BEGIN Data provided

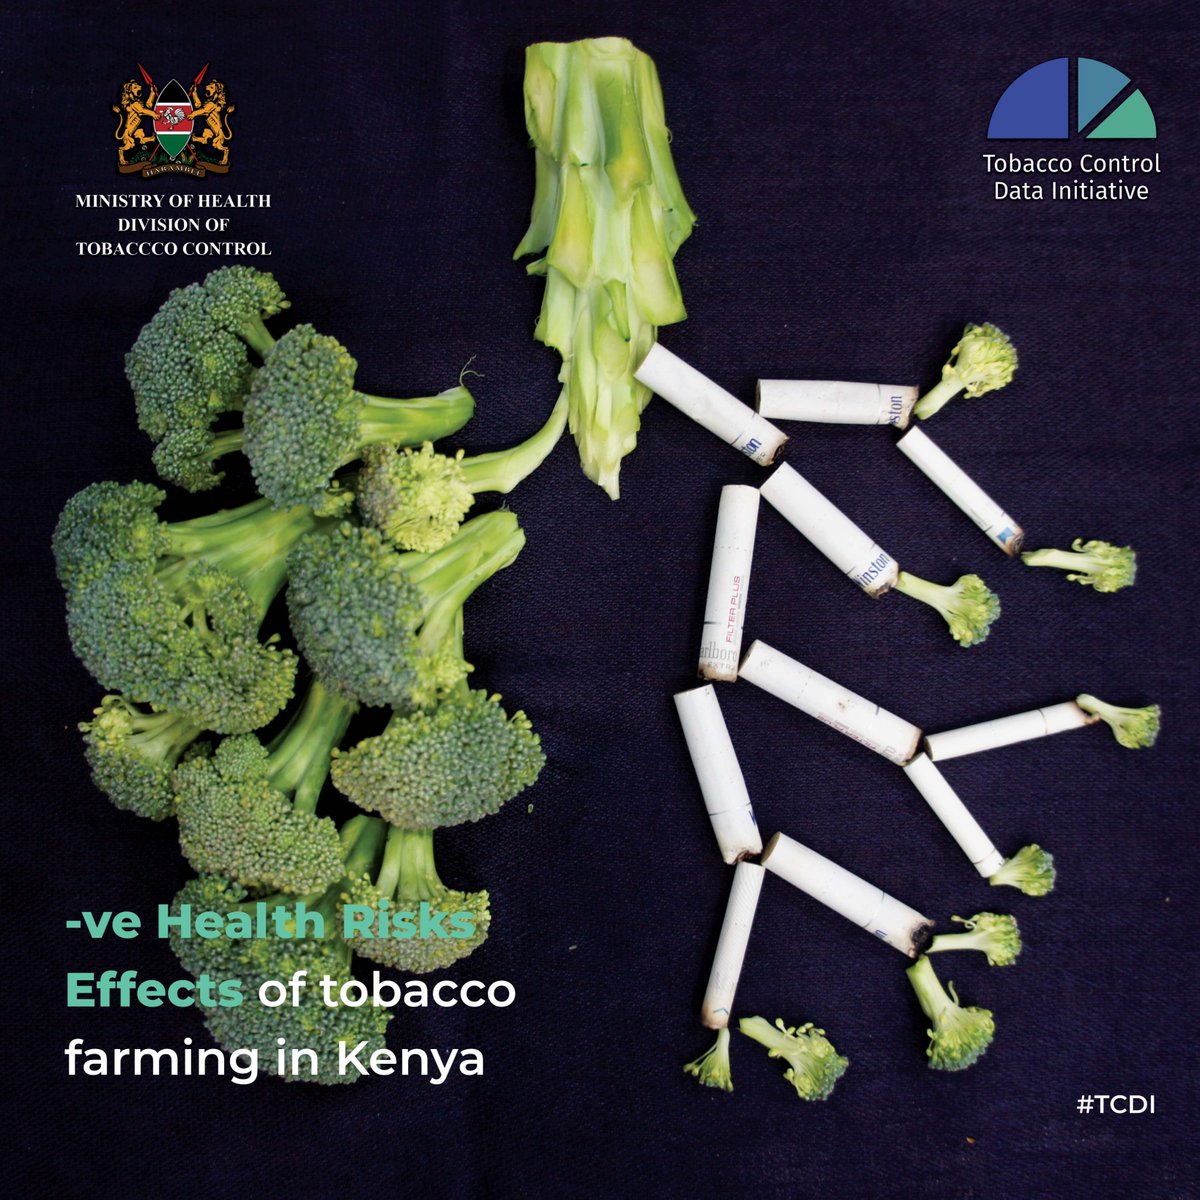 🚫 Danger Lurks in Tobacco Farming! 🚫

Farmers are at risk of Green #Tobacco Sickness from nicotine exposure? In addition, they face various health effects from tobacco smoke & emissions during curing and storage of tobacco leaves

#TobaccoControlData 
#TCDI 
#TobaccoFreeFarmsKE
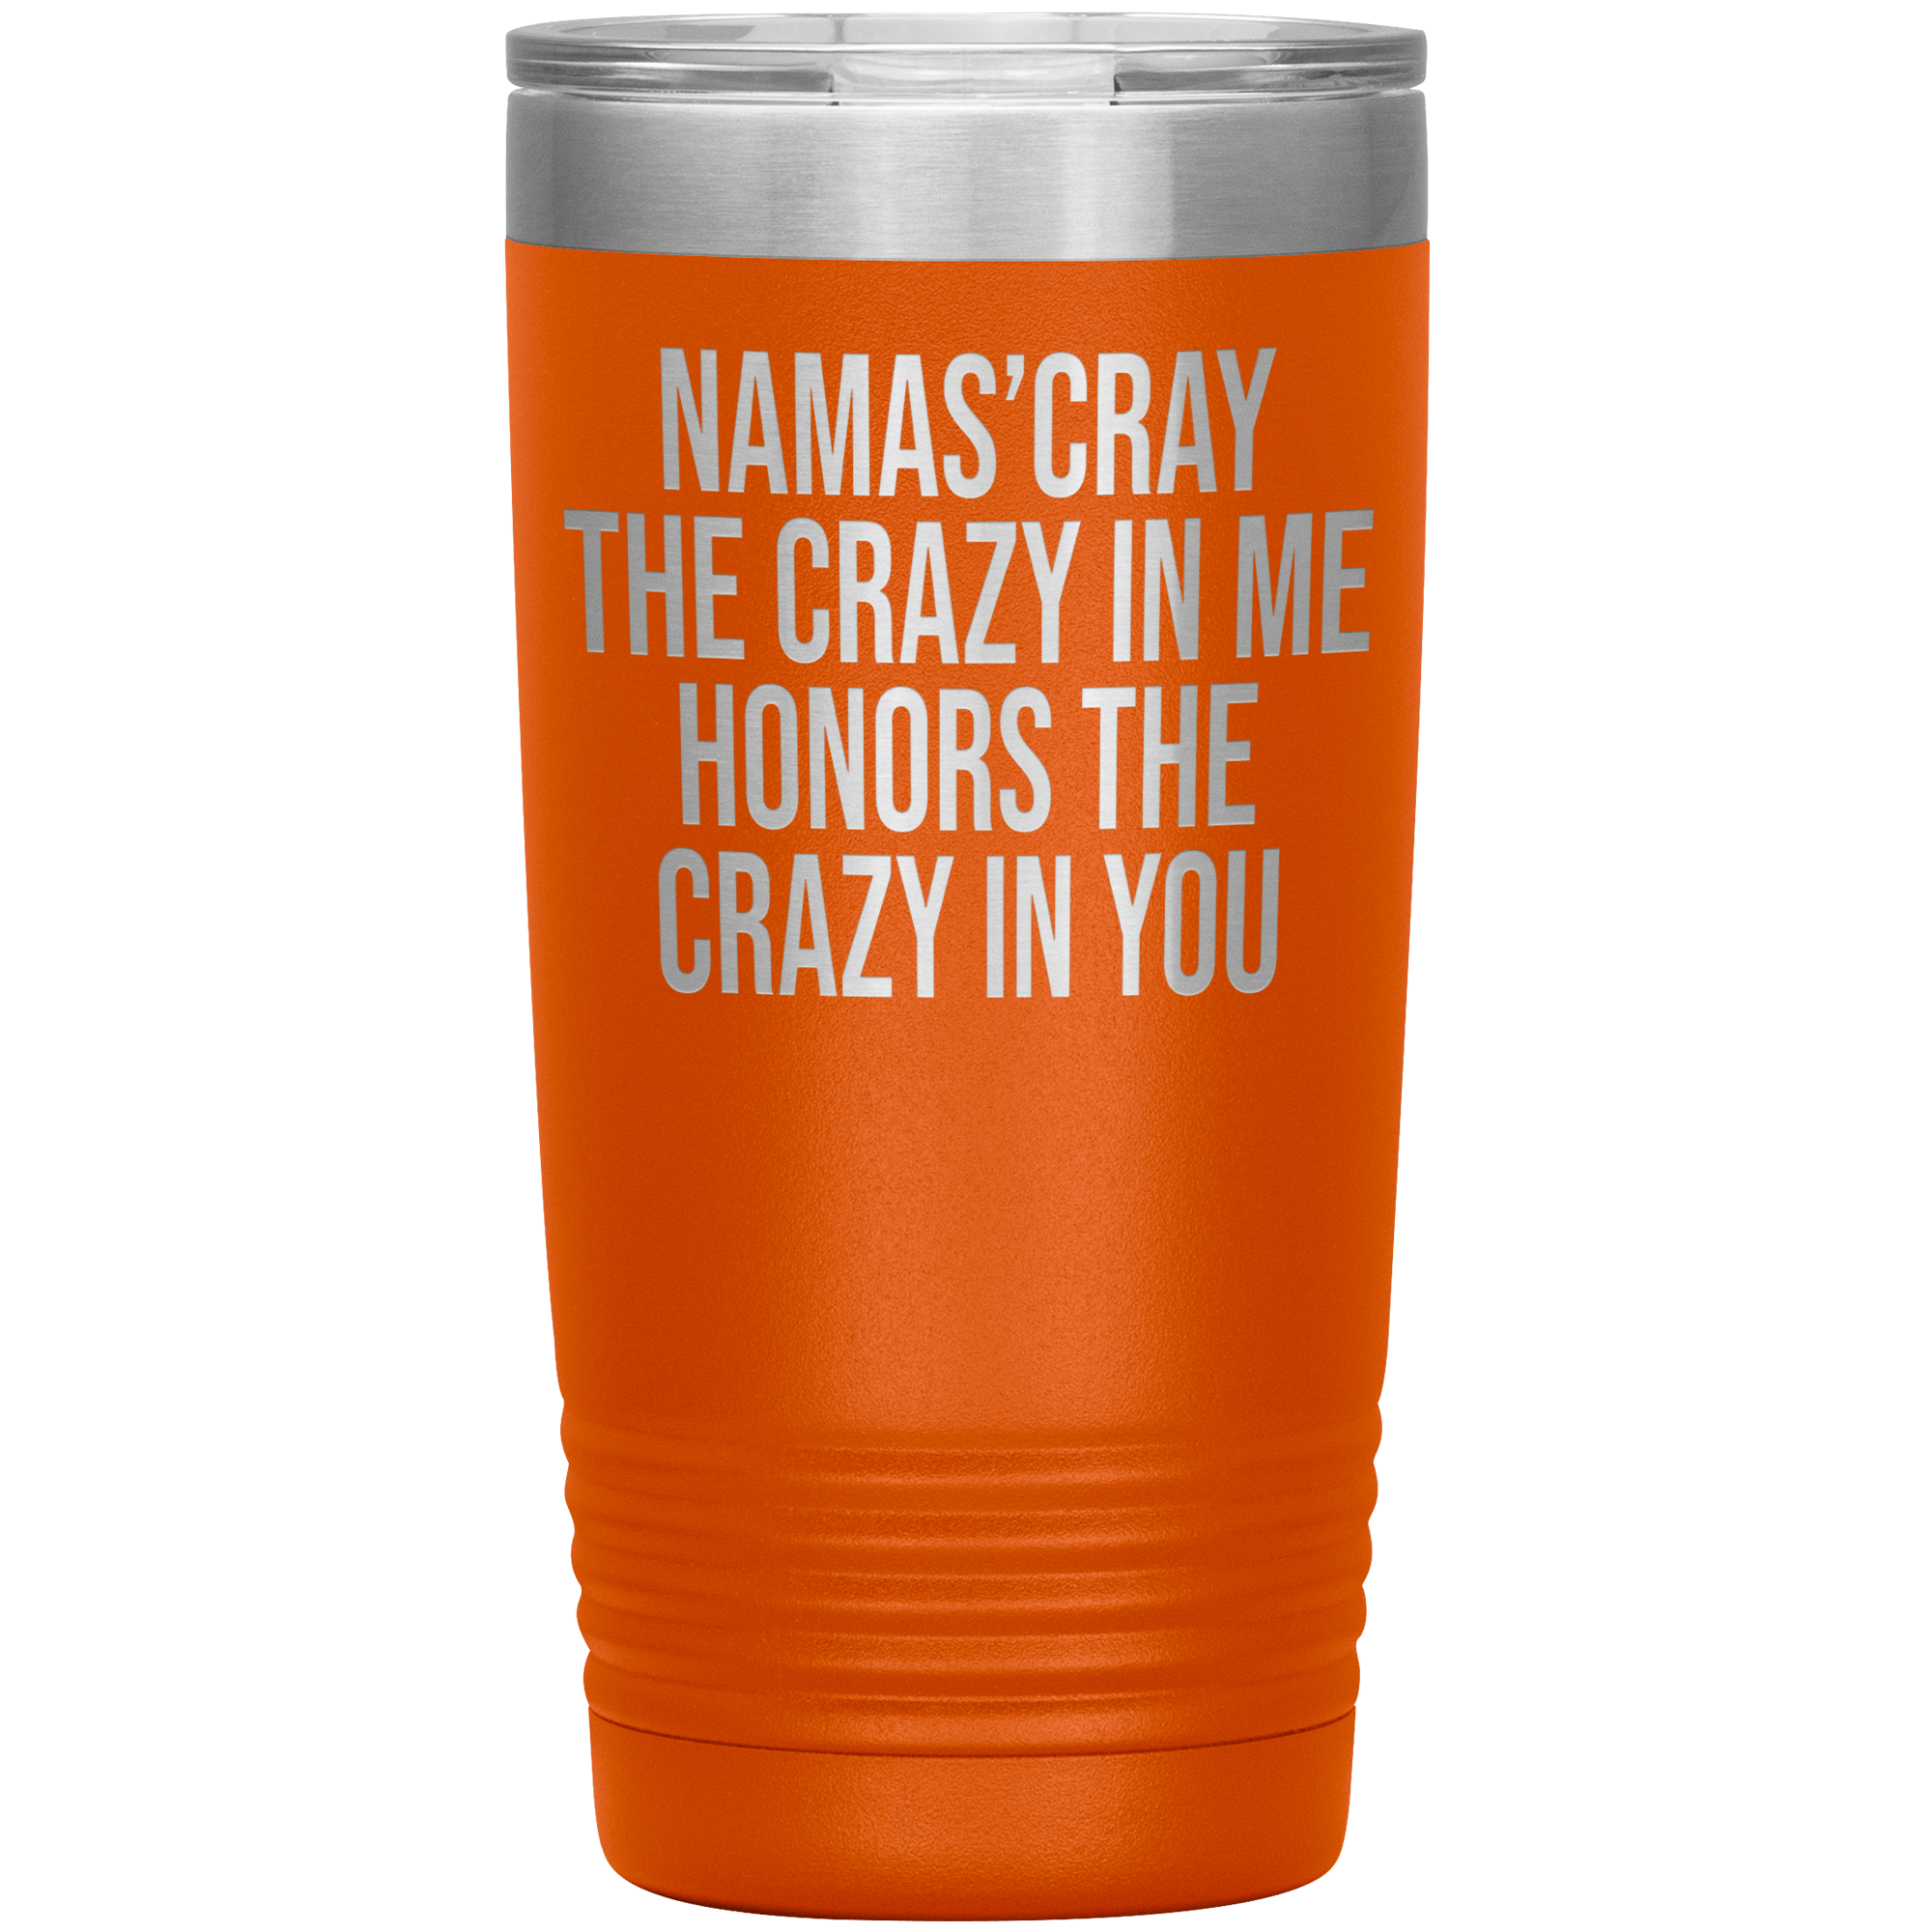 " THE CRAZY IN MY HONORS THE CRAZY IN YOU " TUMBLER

END Data provided

◆ **Problem**
Transcribe only the lines from the one holding "Farmers are at" through the last line of the listing above, inclusive, and do not include the pictures.

◆ **Answer to this problem**
Farmers are at risk of Green #Tobacco Sickness from nicotine exposure? In addition, they face various health effects from tobacco smoke & emissions during curing and storage of tobacco leaves

#TobaccoControlData 
#TCDI 
#TobaccoFreeFarmsKE
 " THE CRAZY IN MY HONORS THE CRAZY IN YOU " TUMBLER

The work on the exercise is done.